I have a class with several static methods that is being used in a CLR SQL stored procedure method. I ended up writing a wrapper with non-static methods that implements an interface of the methods I want.
I'm doing this so that I can write a unit test. However, the unit test is for a static method that also has another dependency that I can't figure out how to work around.
Note: CLR Stored Procedures need to be static.
public class MyHelperWrapper : IMyHelper
{
public void DoStuff(List<MyObject> list)
{
MyHelper.DoStuff(list); // Static method that sends data to database.
}
}
public class FakeMyHelperWrapper : IMyHelper
{
public void DoStuff(List<MyObject> list)
{
// don't do anything??
}
}
public class MyCLRClass
{
public static void My_Stored_Proc(string a, string b)
{
MyPrivateStaticMethod(a, b);
}
private static void MyPrivateStaticMethod(string a, string b)
{
List<MyObj> list = new List<MyObject>();
MyObject obj = new MyObject(a, b);
list.Add(obj);
MyHelperWrapper.DoStuff(list); // MyWrapper is wrapped around the static methods of the class MyHelper
}
private static string Format(string b)
{
// ... format ...
return bFormatted;
}
}
At the end of the day, I guess I really just need to test that the method creates a new object based on the parameters a and b and then adds it to a list.
My issues:
- The method is void so what's the proper way to even test this?
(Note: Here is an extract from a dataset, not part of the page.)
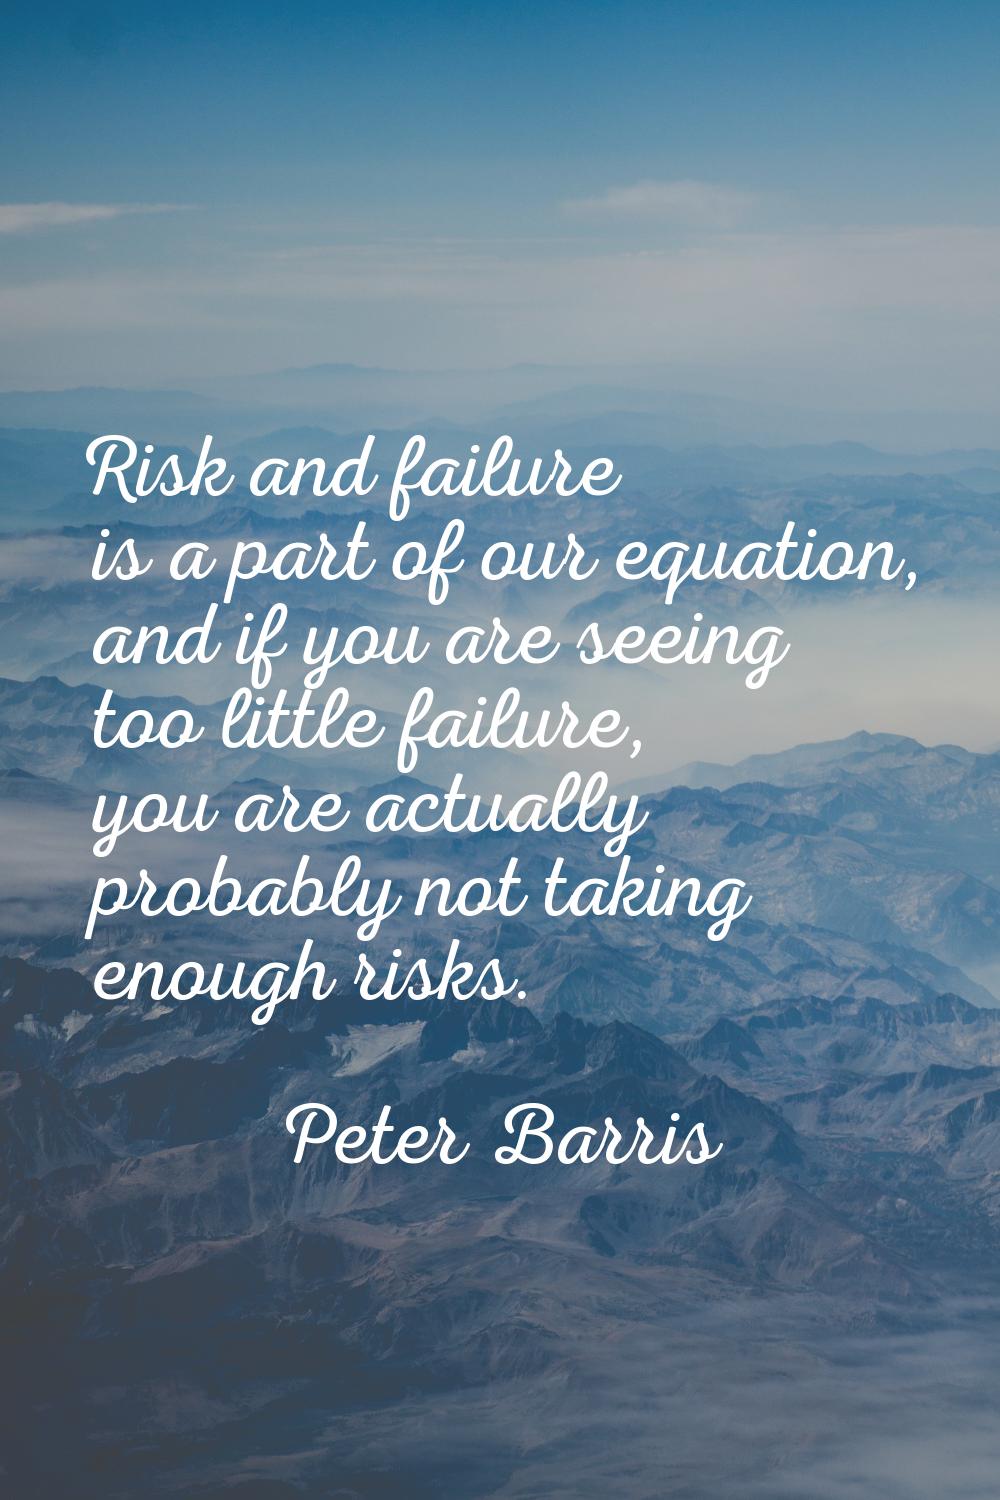 Risk and failure is a part of our equation, and if you are seeing too little failure, you are actua
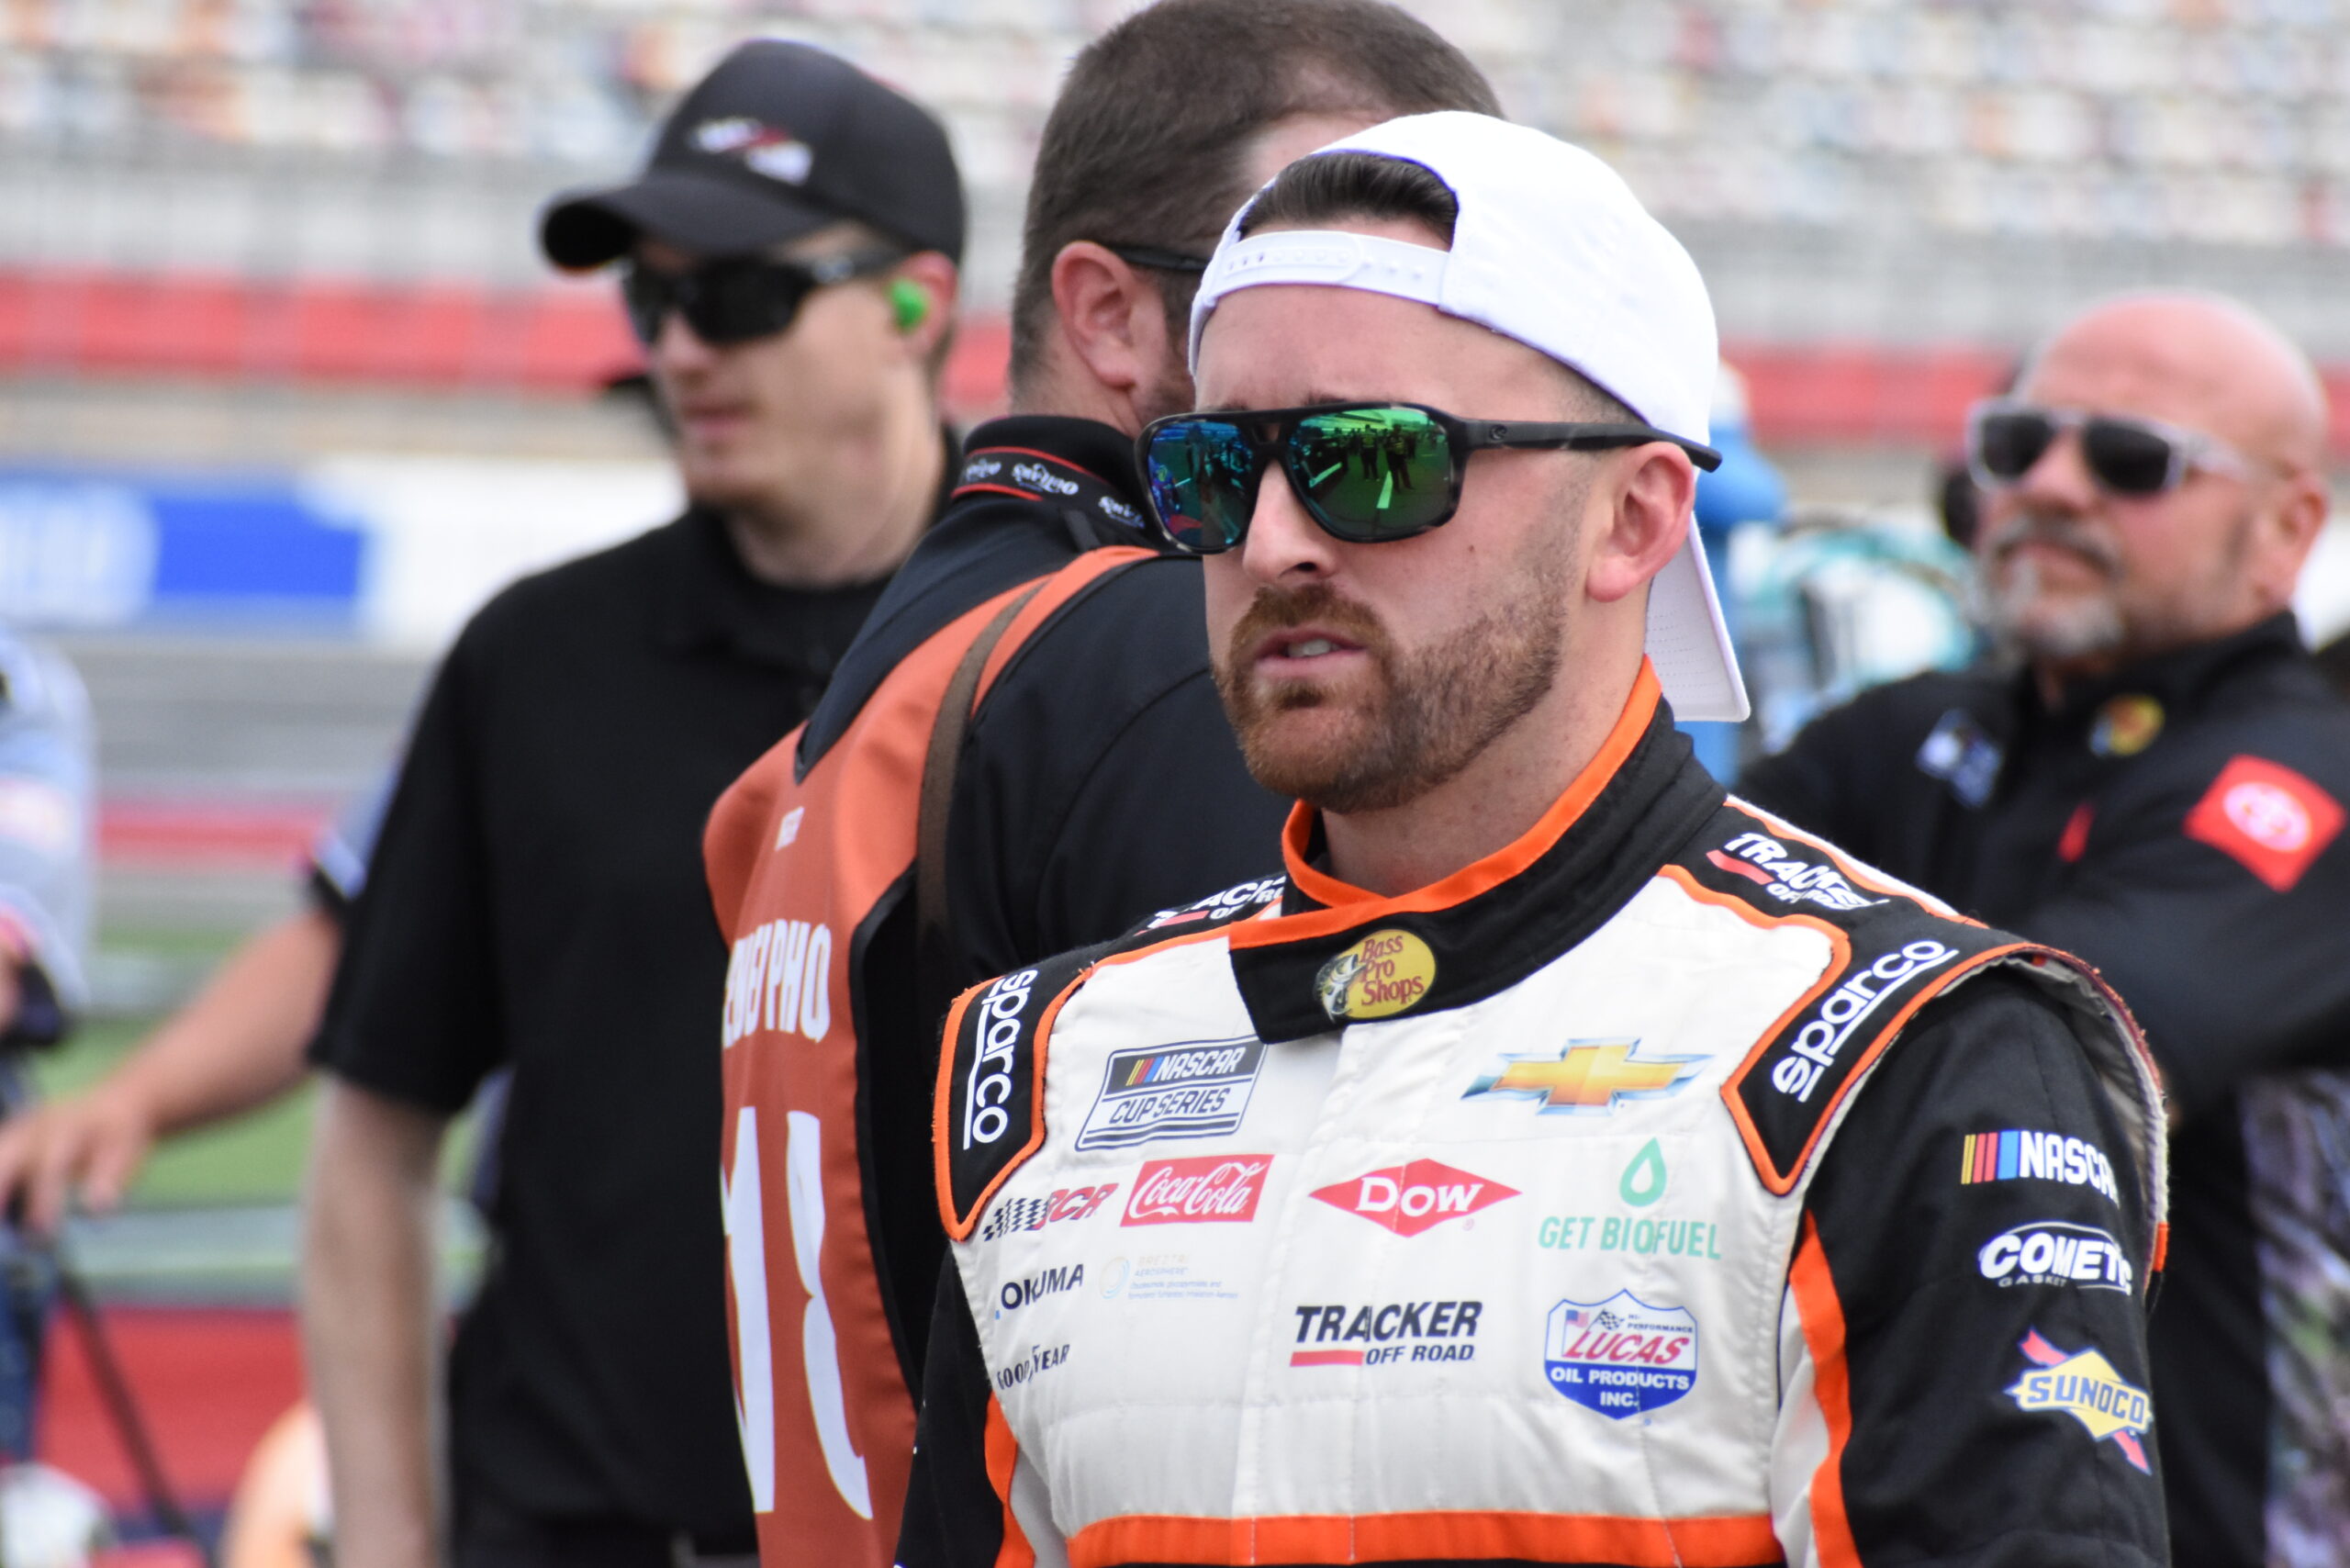 Ultimately, Austin Dillon's playlist might prove better than most top 40 radio stations. (Photo: Michael Guariglia/The Podium Finish)

Just make sure no errors happen?
- If I'm injecting fake classes (such as a fake MyHelperWrapper) then I'm basically bypassing a bunch of the code. This seems bad to me?
- If I were to continue this route, how can I inject a fake class for MyObject? This seems kind of bad because then I'm not testing that the object is created how I expect.
- Is there a better way? Maybe I have to refactor MyObject to use DI as well but this all seems kind of hacky just to test that an object is added to a list.